サスーンだけでなく他のマンハッタン地検所属の検事も指示を拒否したので、ボーブは本件を司法省本部の公職廉潔部(Public Integrity Unit)に移動させ、当部に起訴の取り下げを指示した。だがそこでも当部の部長代理(acting director)と当部を監督している犯罪部(Criminal Division)の部長代理(Acting Assistant Attorney General)に反対・辞任された。

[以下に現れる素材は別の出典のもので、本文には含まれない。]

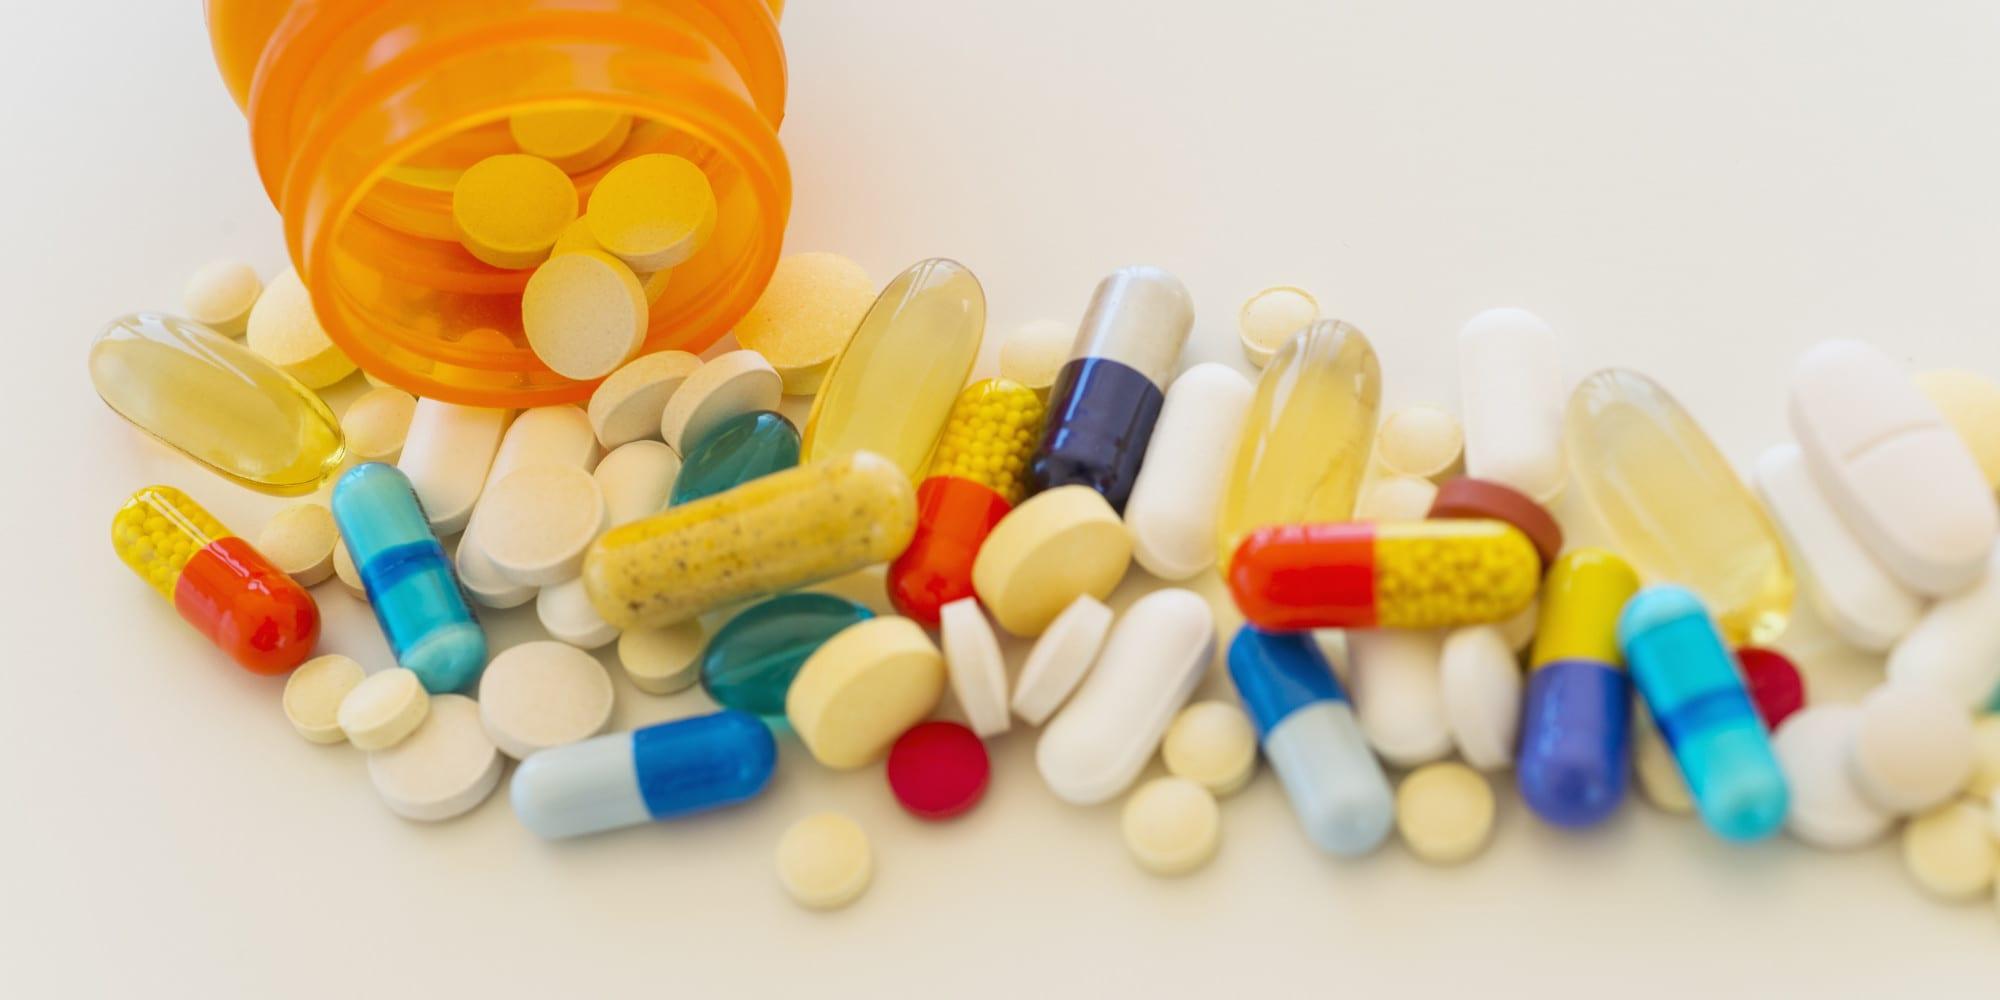 Anti-anxiety pills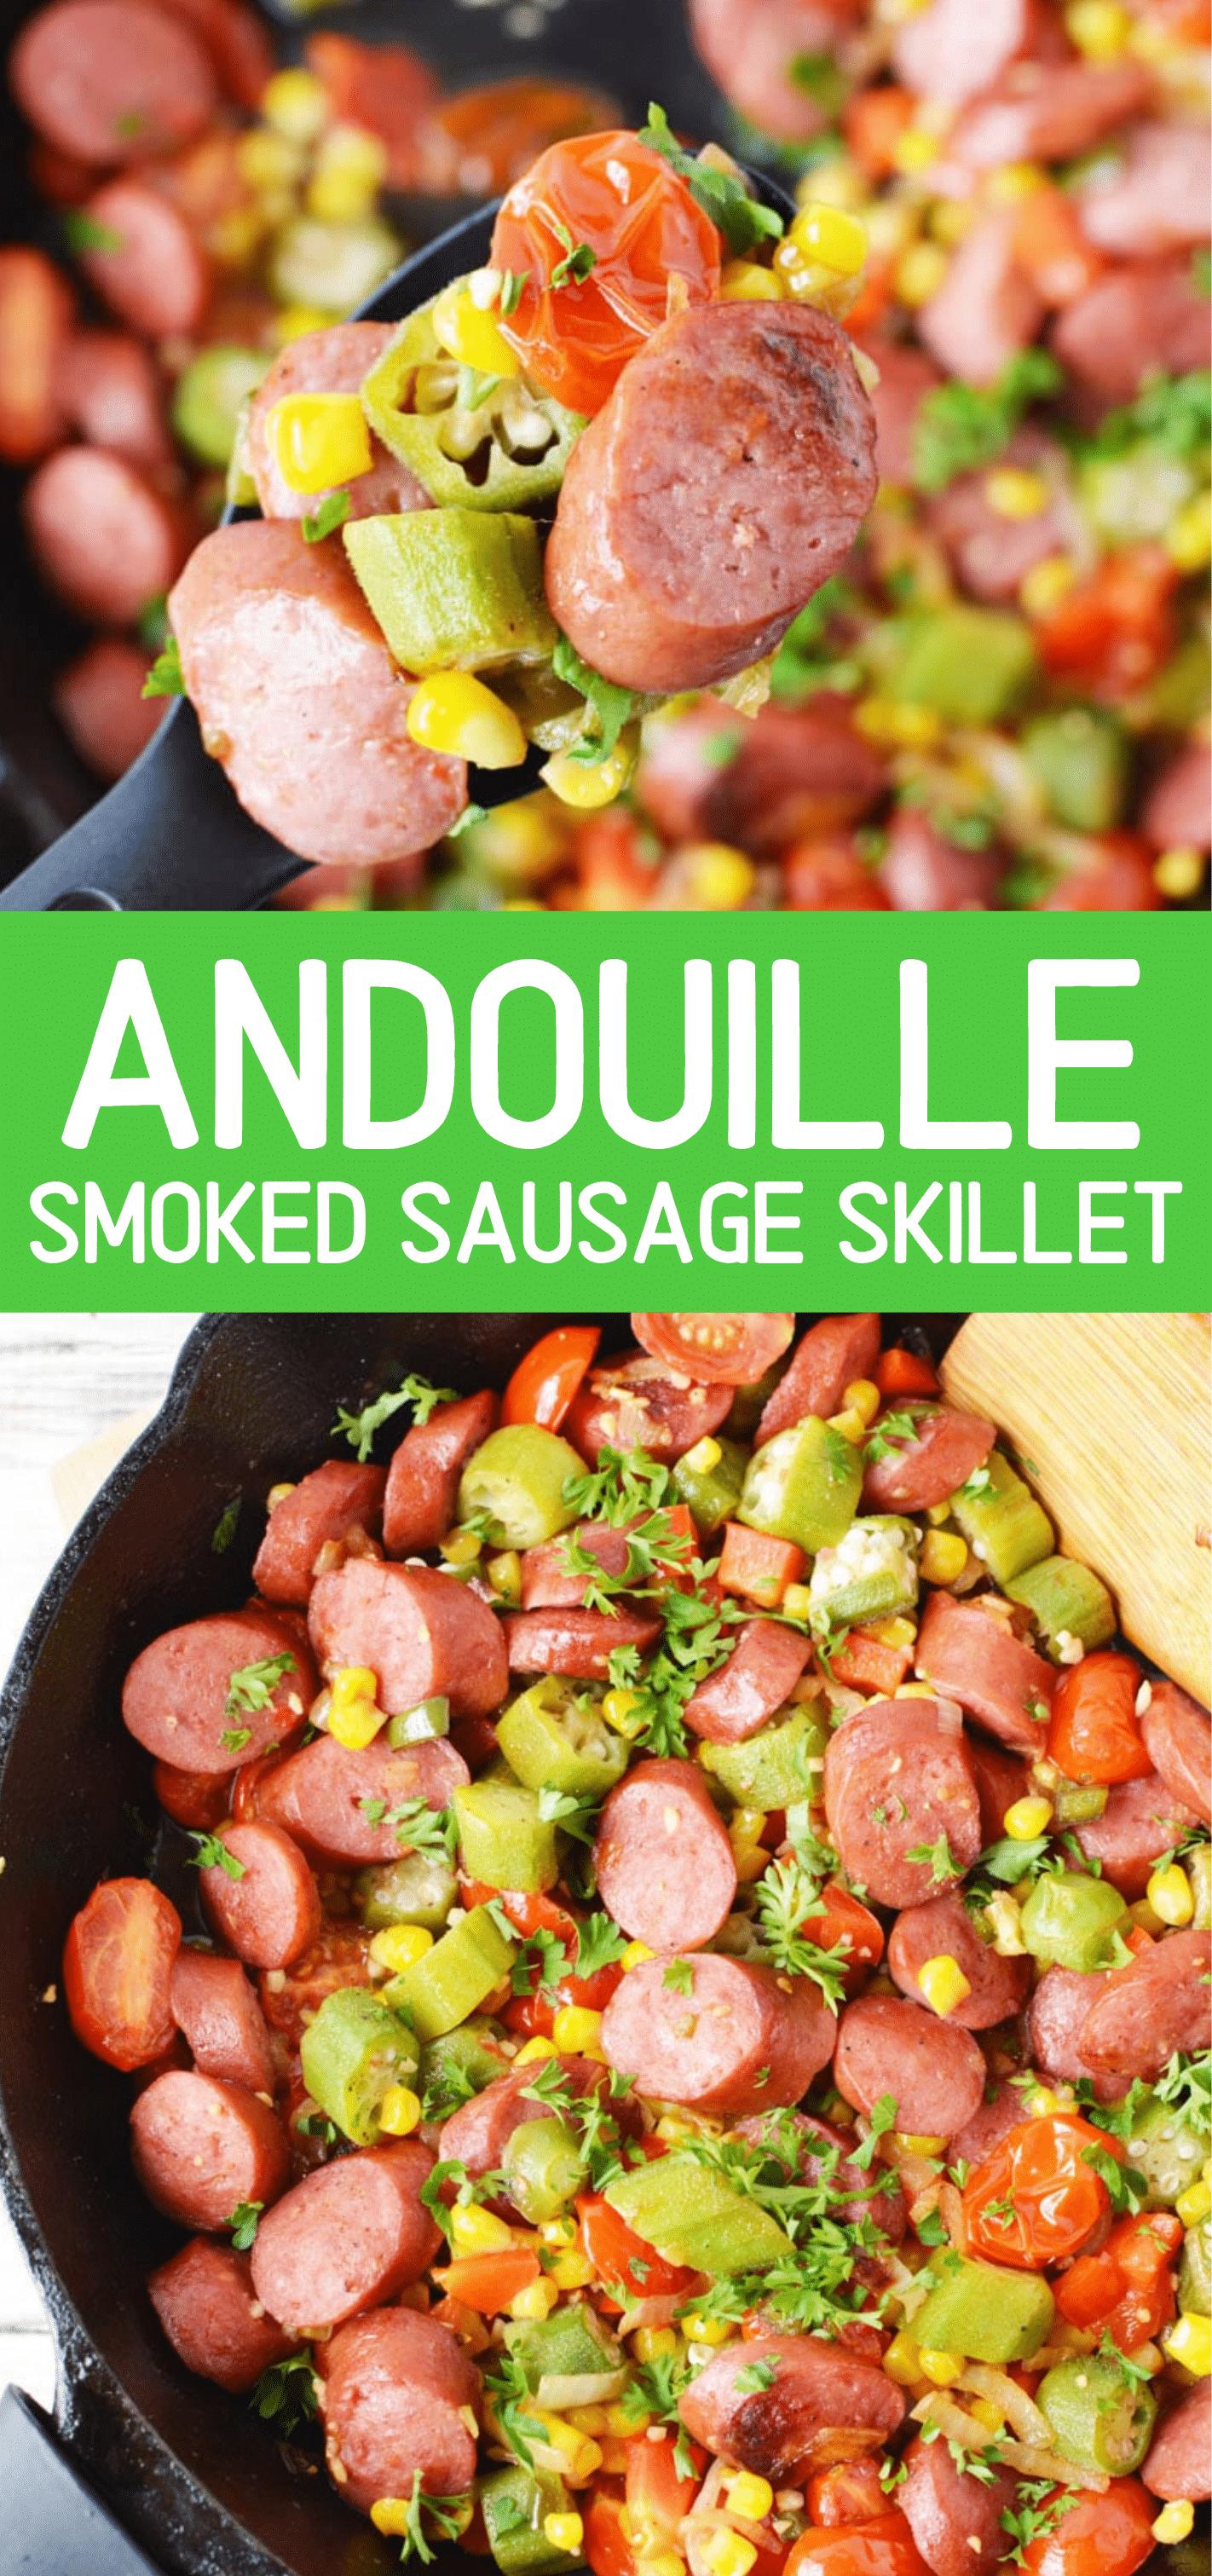 Andouille Smoked Sausage Skillet Recipe

結局、マンハッタン地検と司法省本部で辞任した人数は7人に上った。
なぜニューヨーク市長の刑事事件に不法移民政策が関係してくるの?
2021年から2025年まで続いた民主党のバイデン政権は、国境警備が緩くメキシコからの不法移民に寛容過ぎたと広く批判されていた。不法移民問題は当初こそメキシコと接している南部の問題とされていたが、南部の州の(共和党の)知事が東北の(民主党が知事の)州に多くの不法移民をバスで送り込んだことで、問題が全国的に注目されるようになった。
ニューヨーク市も不法移民を送り込まれた街の1つである。アダムズ市長は市が不法移民への住居や食料の提供に年間50億ドル(約7600億円)もかけており、市民サービスに影響が出かねないと2023年から警鐘を鳴らしていた。
したがって、(所属する政党は違うものの)アダムズは起訴される前から不法移民問題についてトランプと通じるところがあった。
大統領選後、アダムズはどのようにトランプに接近したの?
今年に入ってから、アダムズはトランプに急接近している。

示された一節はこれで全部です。